--- Information shown ---
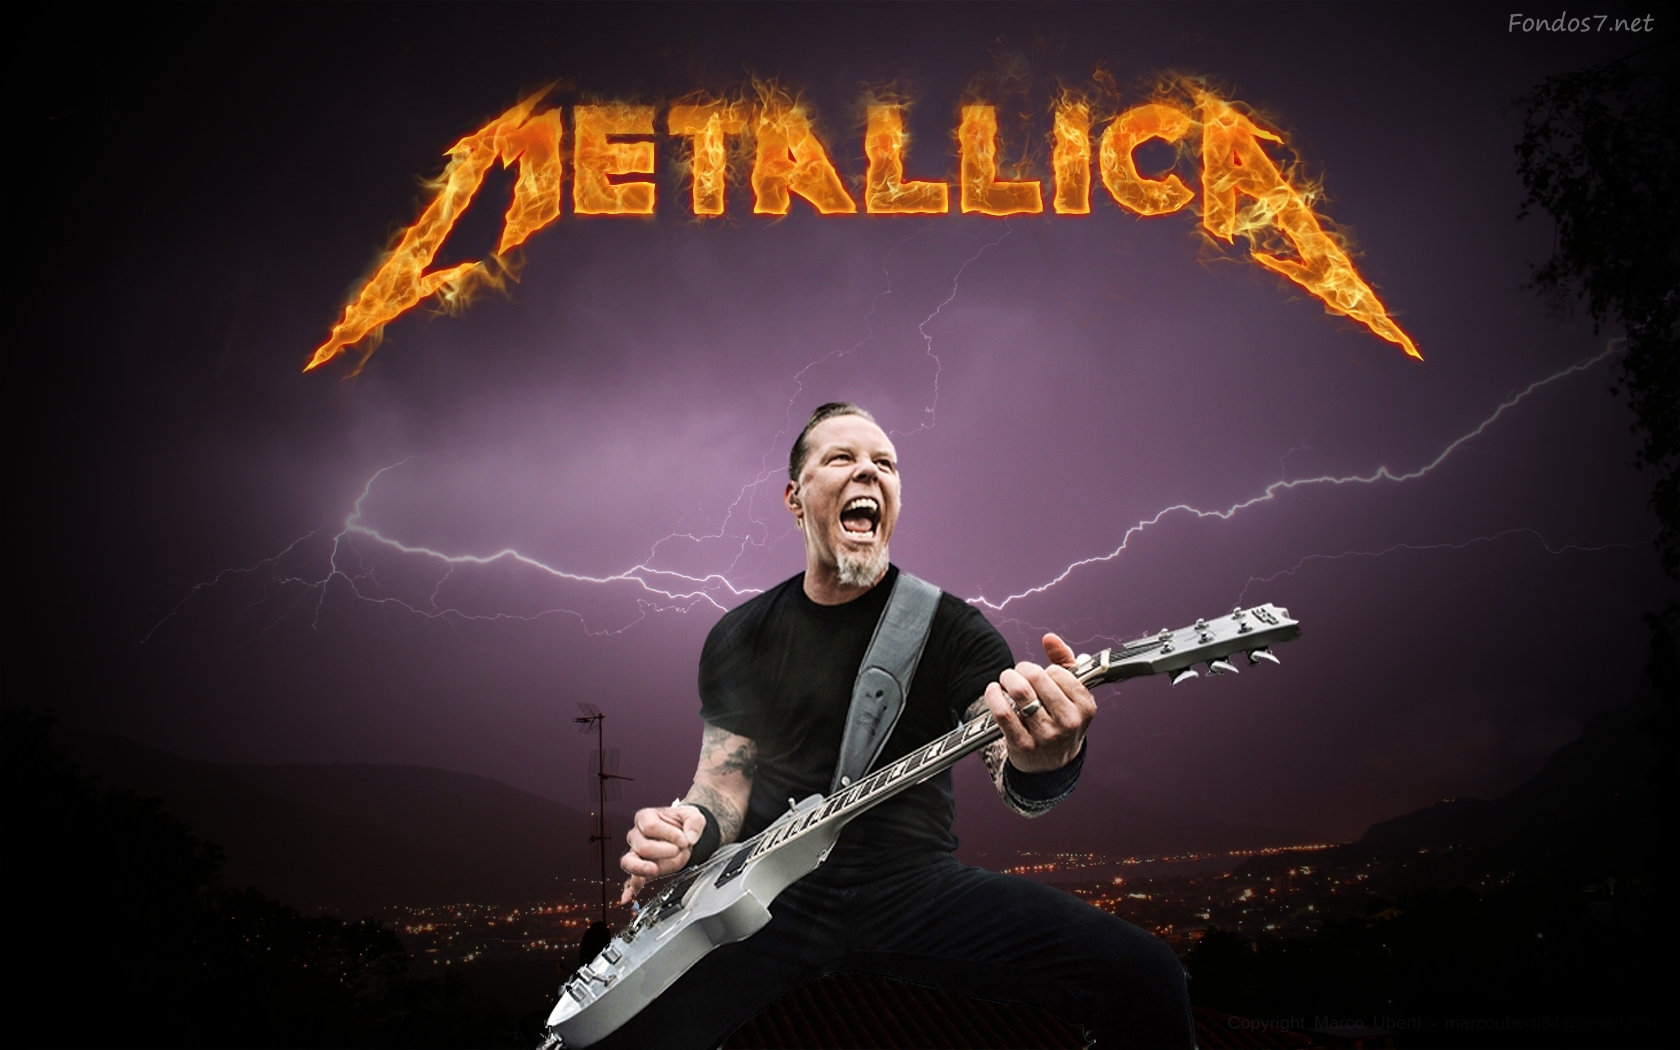 Descargar Fondos De Pantalla Metallica Rock HD Widescreen Gratis
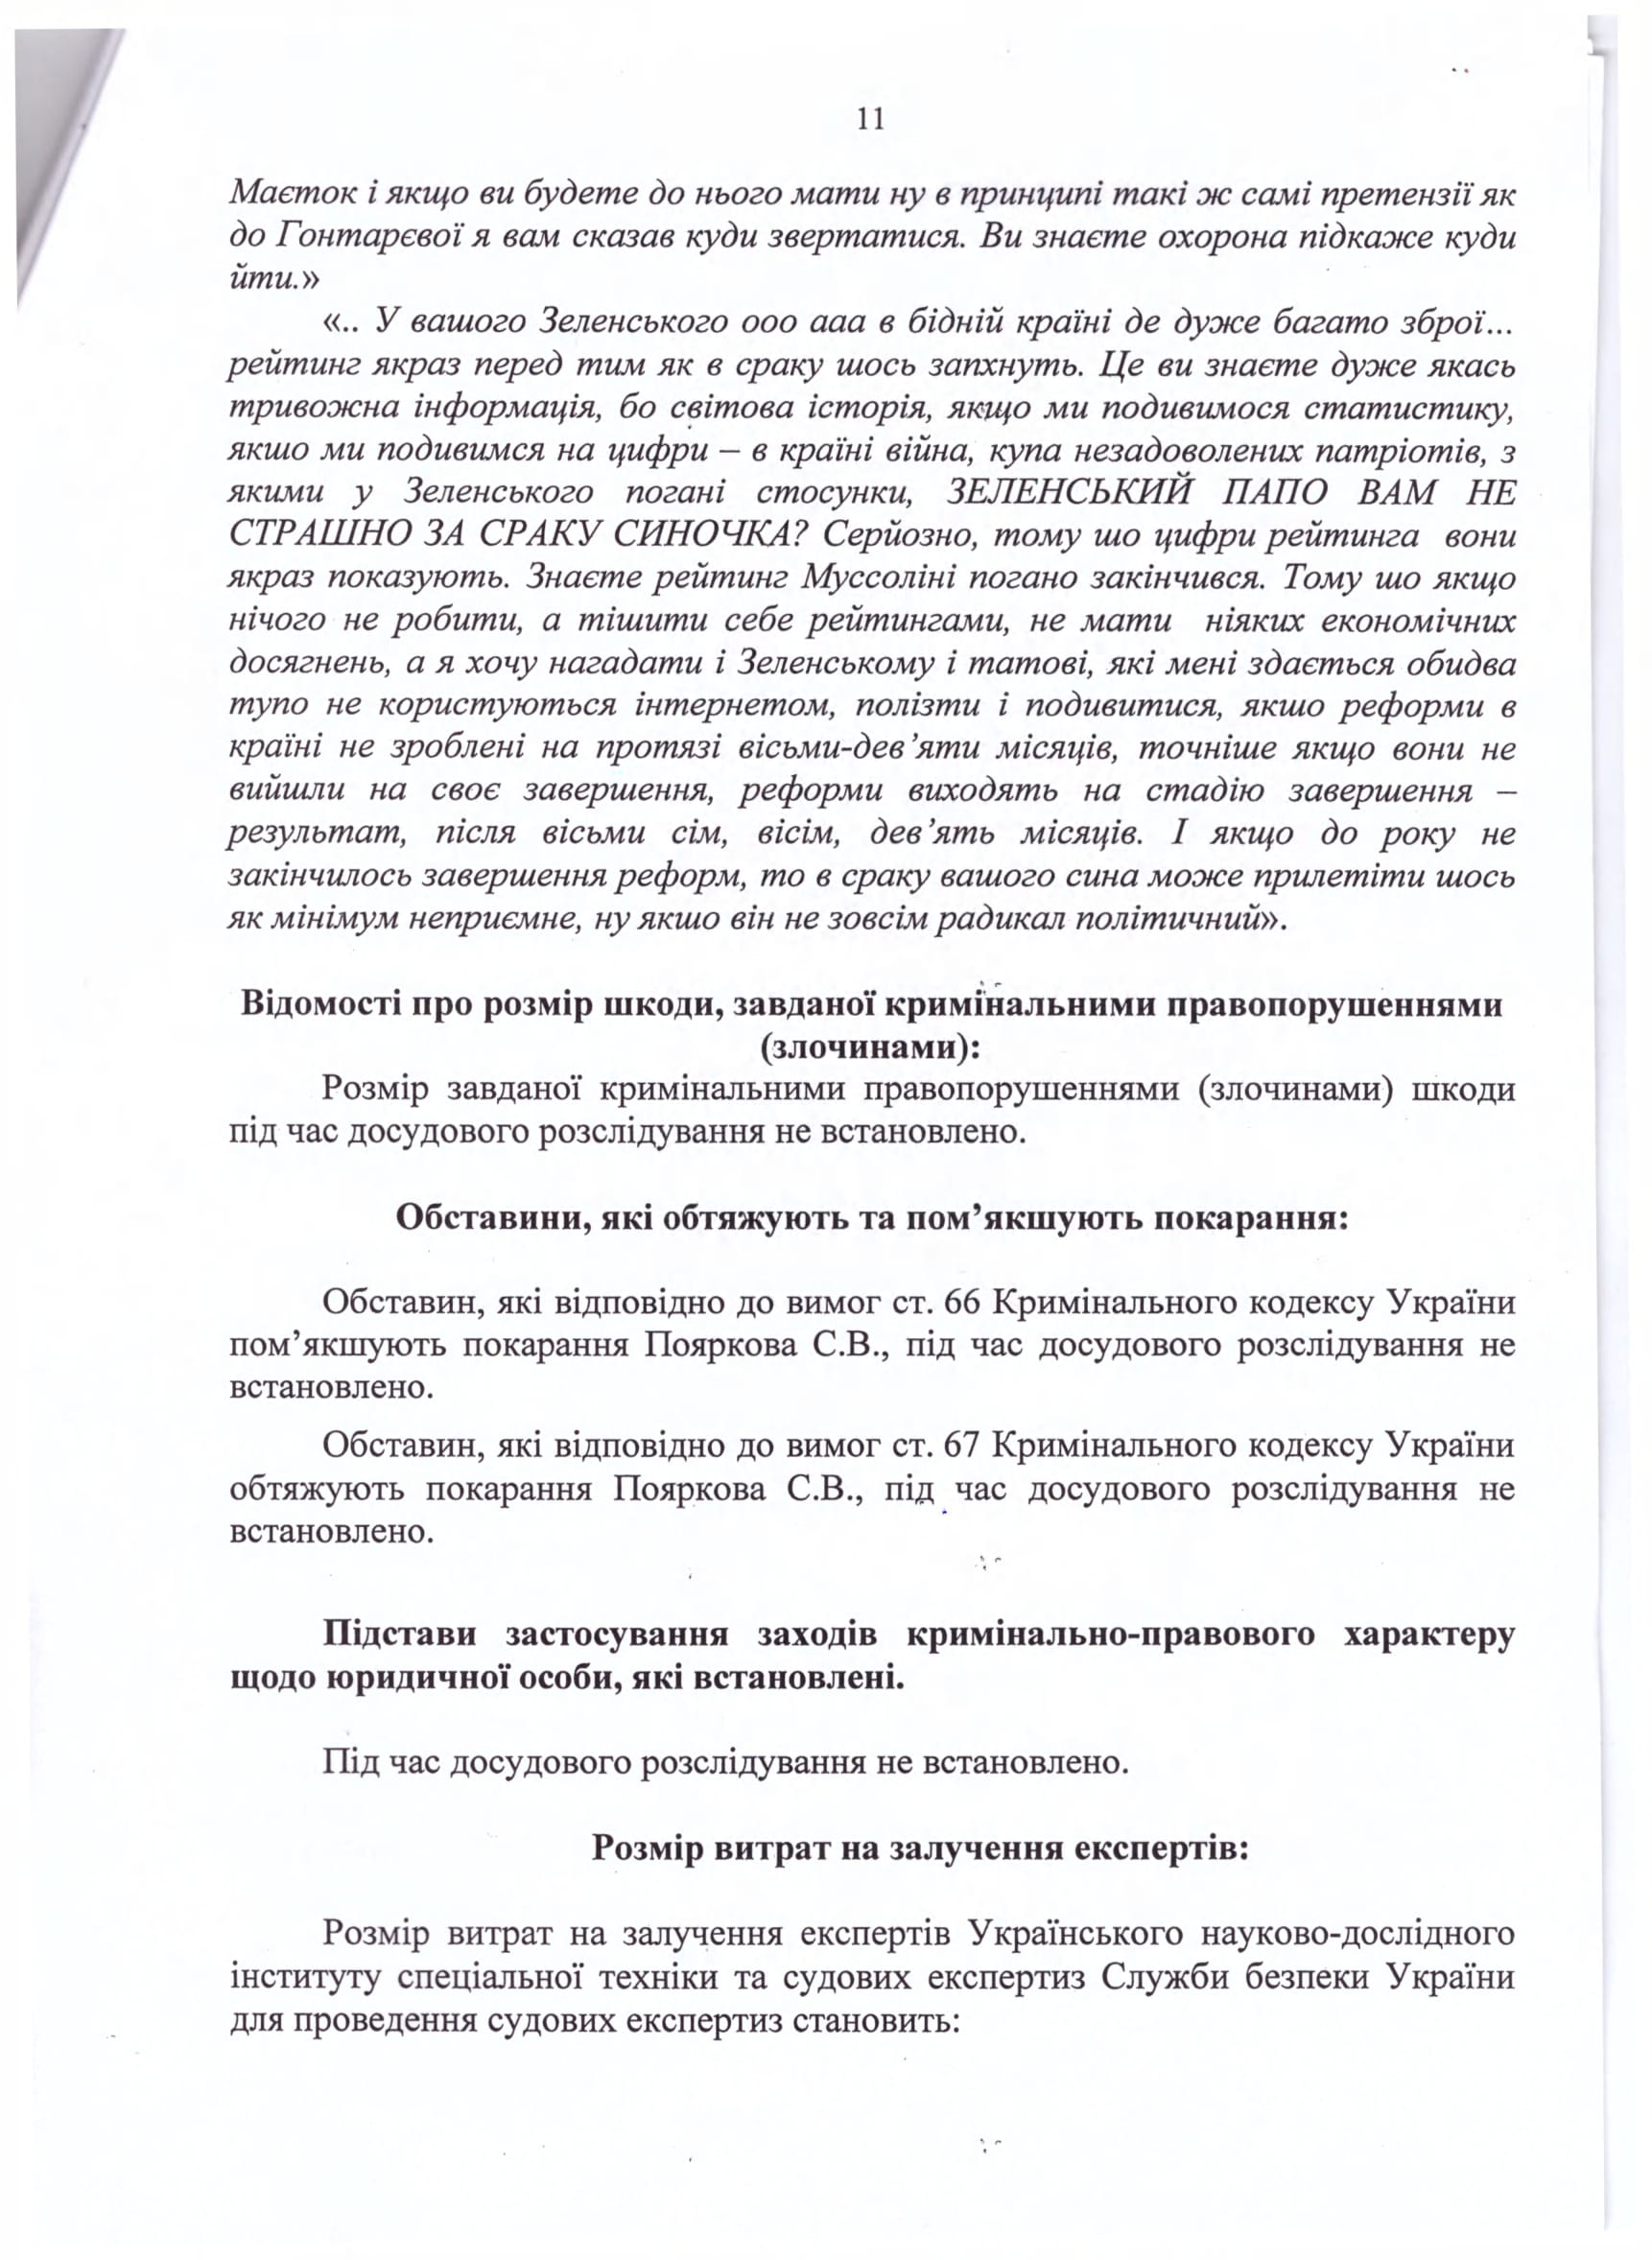 СМИ опубликовали обвинительный акт Пояркову за угрозы Зеленскому - 11 - изображение
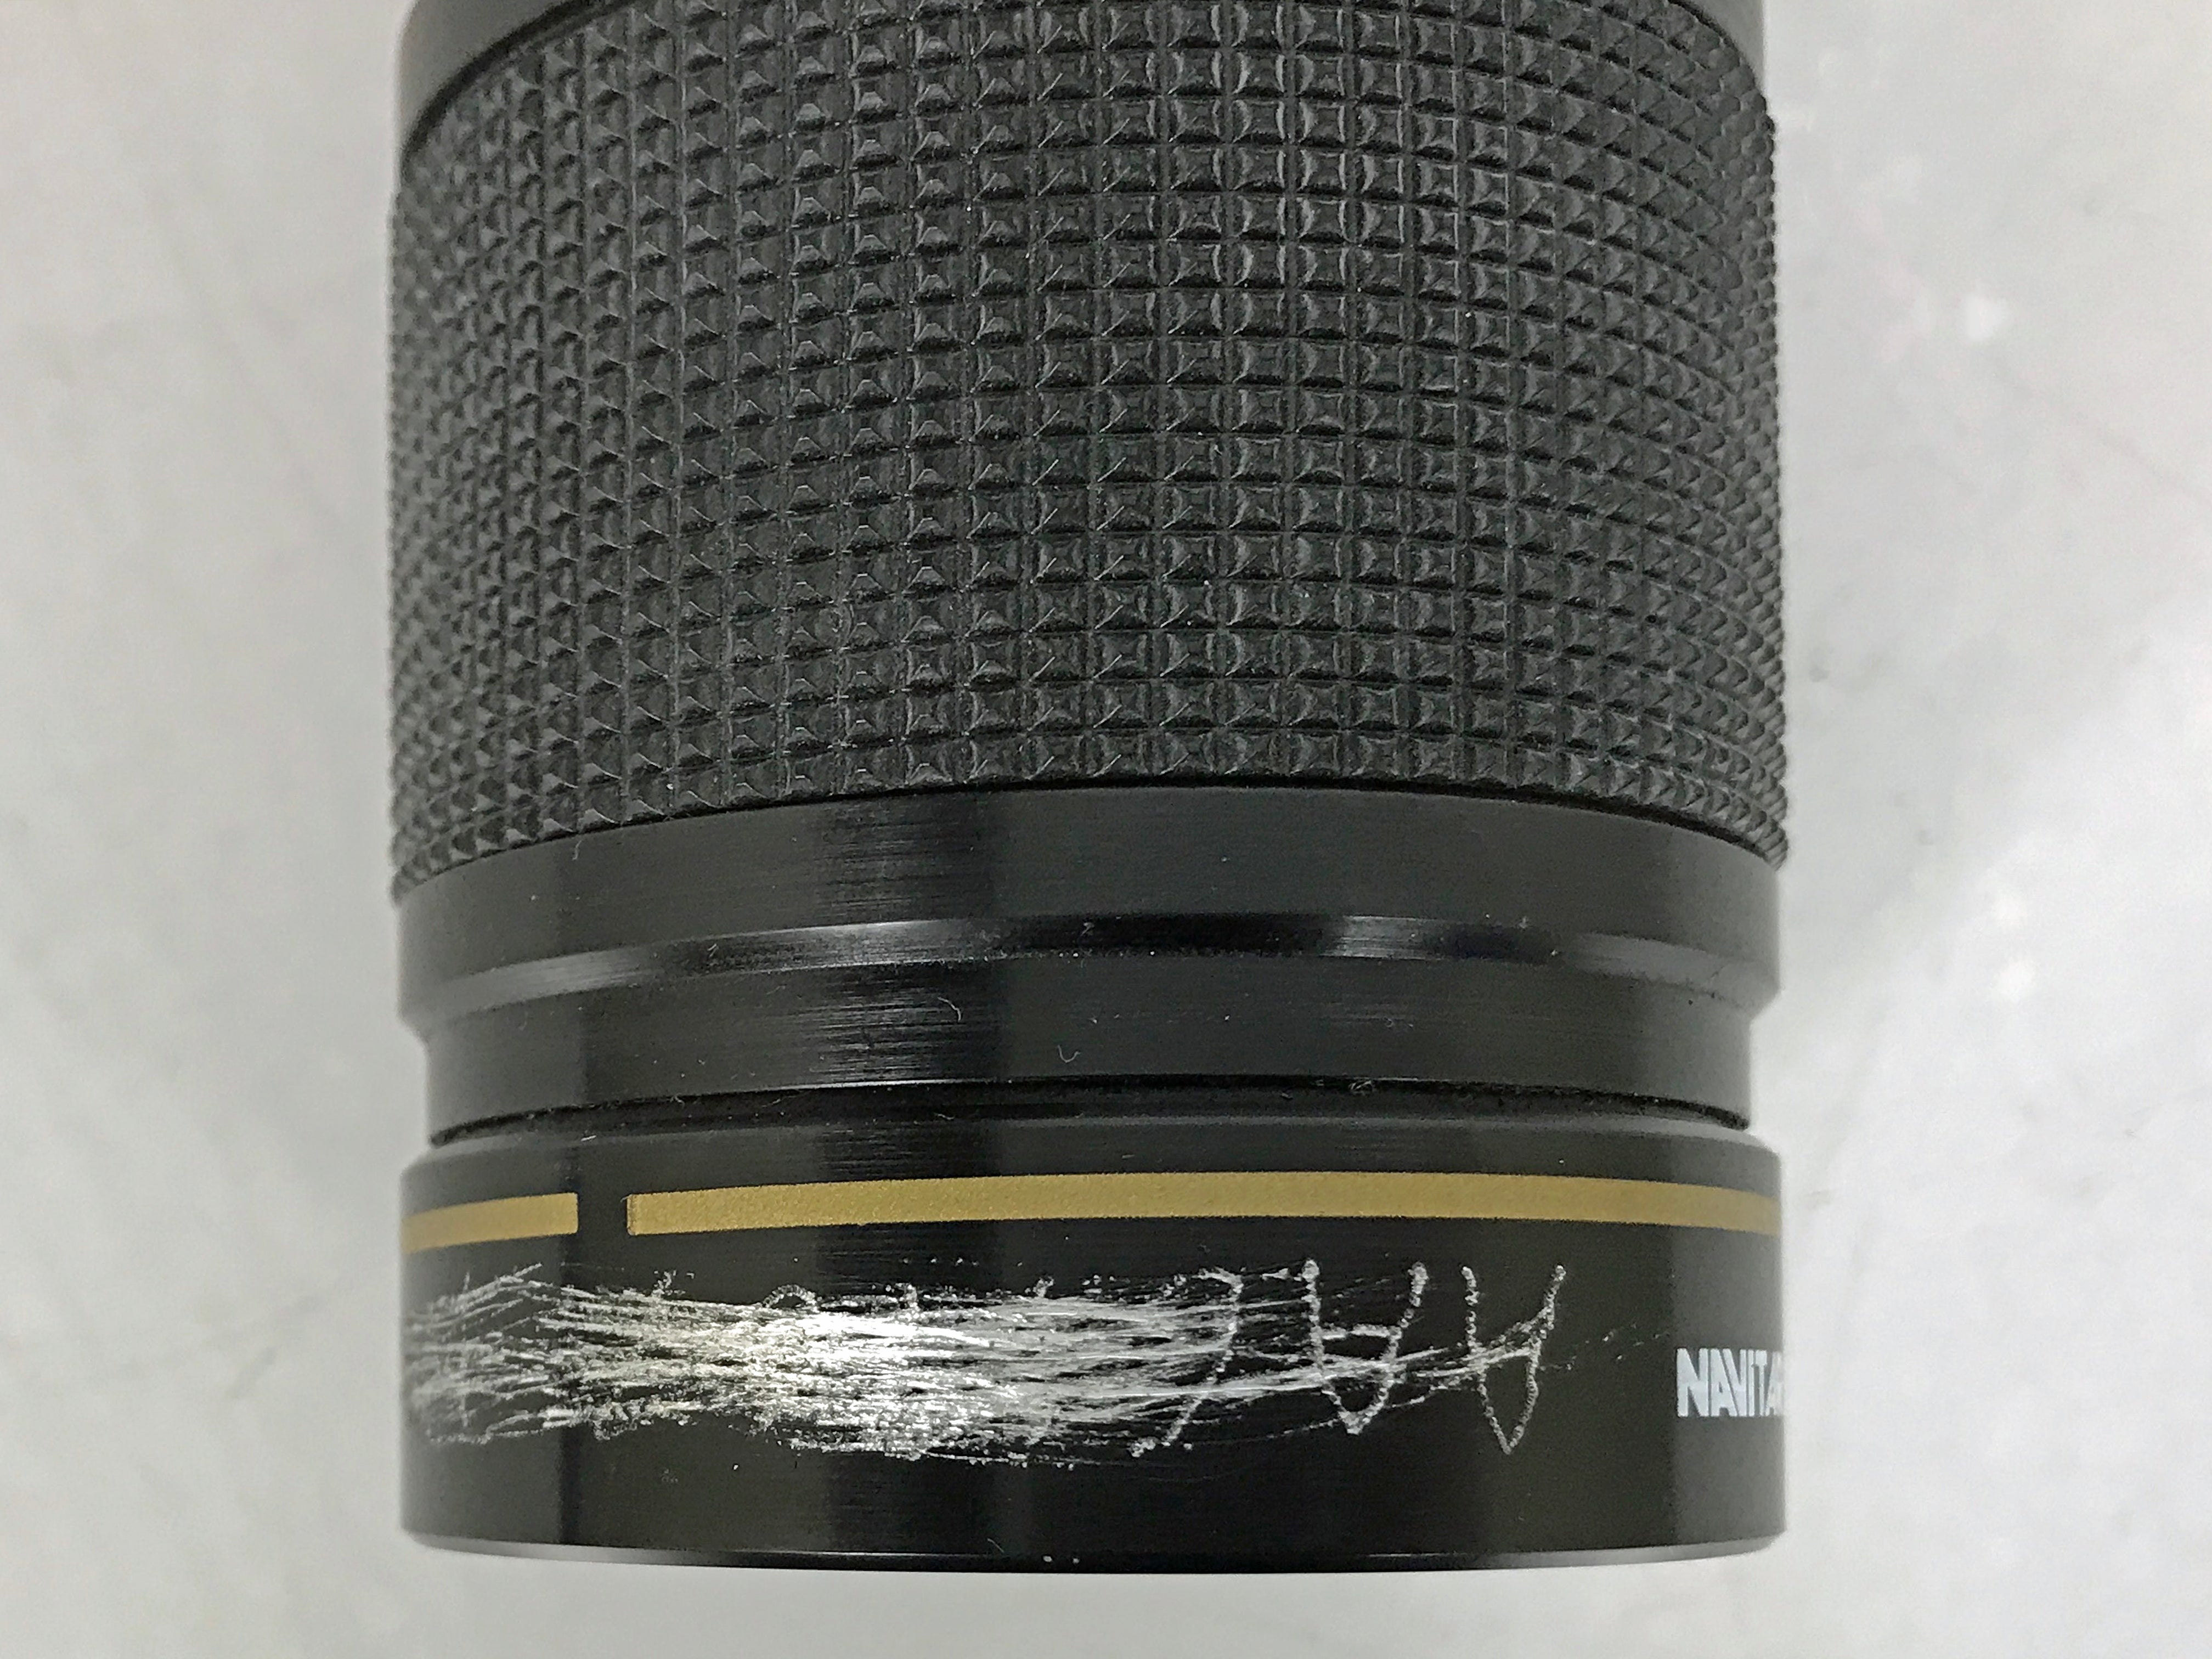 Golden Navitar 100-200mm f/3.5 Telephoto Zoom Lens

--- What this task involves ---
A faithful, word-for-word copy of the data is needed; the pictures should not appear in it.

--- Result of the task ---
 Descargar Fondos De Pantalla Metallica Rock HD Widescreen Gratis
 СМИ опубликовали обвинительный акт Пояркову за угрозы Зеленскому - 11 - изображение
 Golden Navitar 100-200mm f/3.5 Telephoto Zoom Lens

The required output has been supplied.